The most-used exports are listed below. See the package's TypeScript types for the full export surface.
Types
import type {
KnownCapability, // 19-member union
Capability, // string (open for custom caps)
TuningParams, // effort / creativity / responseFormat
ModelRequest, // requires + prefers + tuning + intent + pii
AnonymizedInput, // { anonymizedText: string }
RealInput, // { text: string }
ModelConfig, // per-model gateway configuration
GatewayConfig, // top-level gateway config
AuditEntry, // immutable audit log record
AuditStore, // storage interface for audit entries
} from '@polaris/llm-gateway' Values
import {
// Prompt constructors
AnonymizedPrompt, // .from(AnonymizedInput): opaque prompt
RealPrompt, // .from(RealInput): opaque prompt
// Audit stores
NoopAuditStore, // discards all entries (testing)

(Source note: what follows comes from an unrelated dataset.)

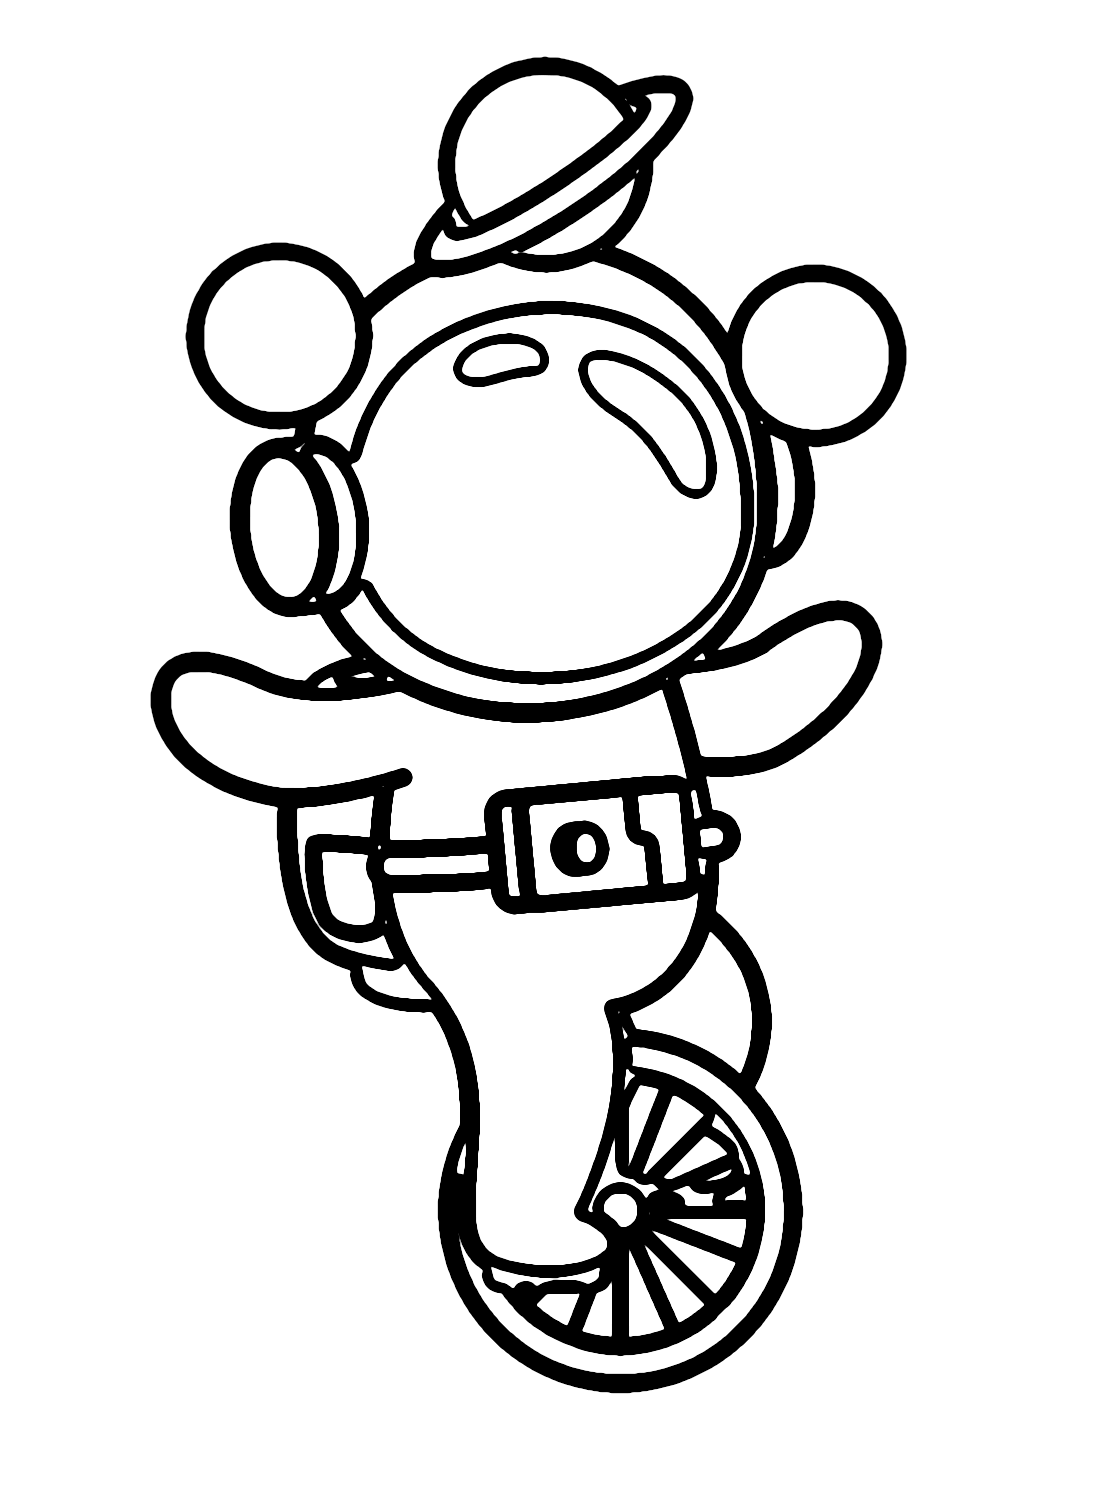 Astronaut with Unicycle and Planets Coloring Page
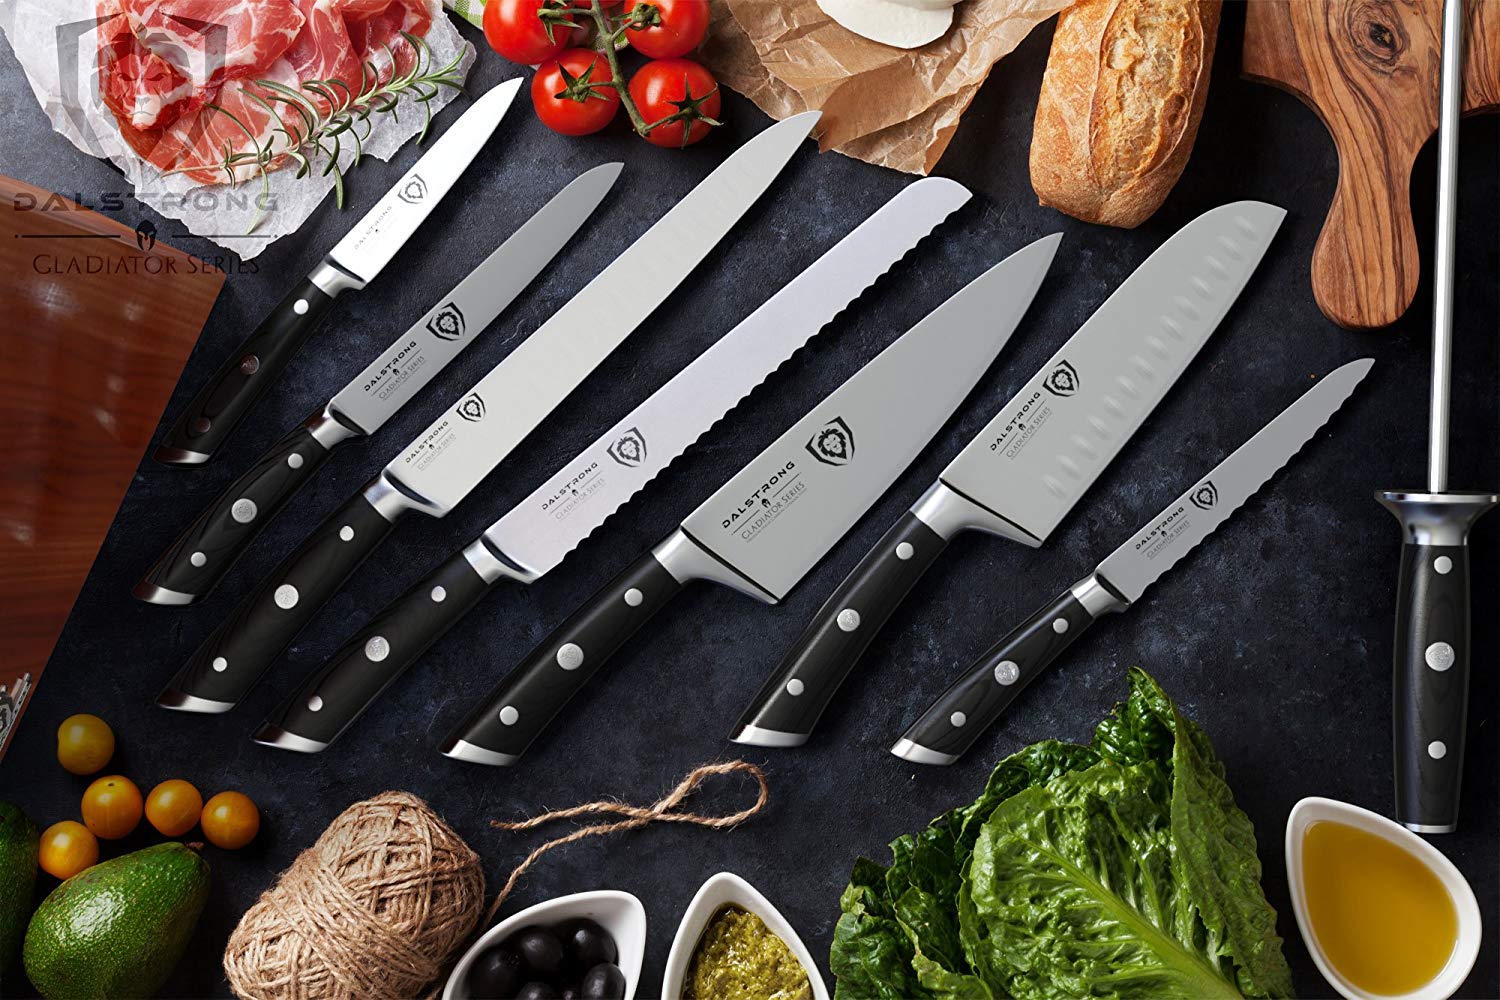 Top 10 Best Kitchen Knife Sets in 2020 Reviews Buyer's Guide

CapturingAuditStore, // in-memory capture (testing)
// Gateway core
routeRequest, // low-level routing function
scanForPii, // PII detection utility
// Intent catalog
loadCatalogFromFile, // load YAML catalog from disk
loadCatalogFromYaml, // load from YAML string
validateIntent, // validate intent ID against catalog
// App factory
createApp, // creates the gateway Hono app
} from '@polaris/llm-gateway' Error Codes
All error responses from POST /v1/chat/completions use a structured envelope:
{ error: { code, errorClass, message, doc_url, details? } }
| Code | HTTP | Error Class | Description |
|---|---|---|---|
| invalid_json | 400 | RequestParseError | Request body is not valid JSON |
| practitioner_jwt_required | 401 | AuthenticationError | pii: real requires a Practitioner-JWT, not a service token |
| unknown_intent | 400 | IntentValidationError | Intent ID is empty, non-string, or not found in the catalog |
| red_risk_intent | 501 | IntentValidationError | Intent is a known prohibited use case (red-risk denylist) |
| intent_catalog_unavailable | 503 | IntentCatalogError | Intent provided but catalog not loaded — cannot validate |
| no_model_for_capabilities | 503 | CapabilityRoutingError | No configured model satisfies the required capabilities |
| reid_preflight_invalid_input | 400 | ReidPreflightError | Missing or invalid quasi_ids / combination_count fields |
| reid_preflight_blocked | 422 | ReidPreflightError | Quasi-ID combination is too unique — blocked to prevent patient re-identification |
| caller_declaration_violation | 422 | PiiDeclarationError | Undeclared PII detected post-tokenization in declaration: "exhaustive" mode |
| llm_provider_error | 502 | LlmProviderError | Upstream LLM provider returned an error or timed out |
Canonical reference
ADR-020 v2 is the canonical source for all decisions documented here — capability axis taxonomy, intent catalog schema, PII enforcement rules, audit trail requirements, and the discovery endpoint contract. When this page and ADR-020 conflict, the ADR wins.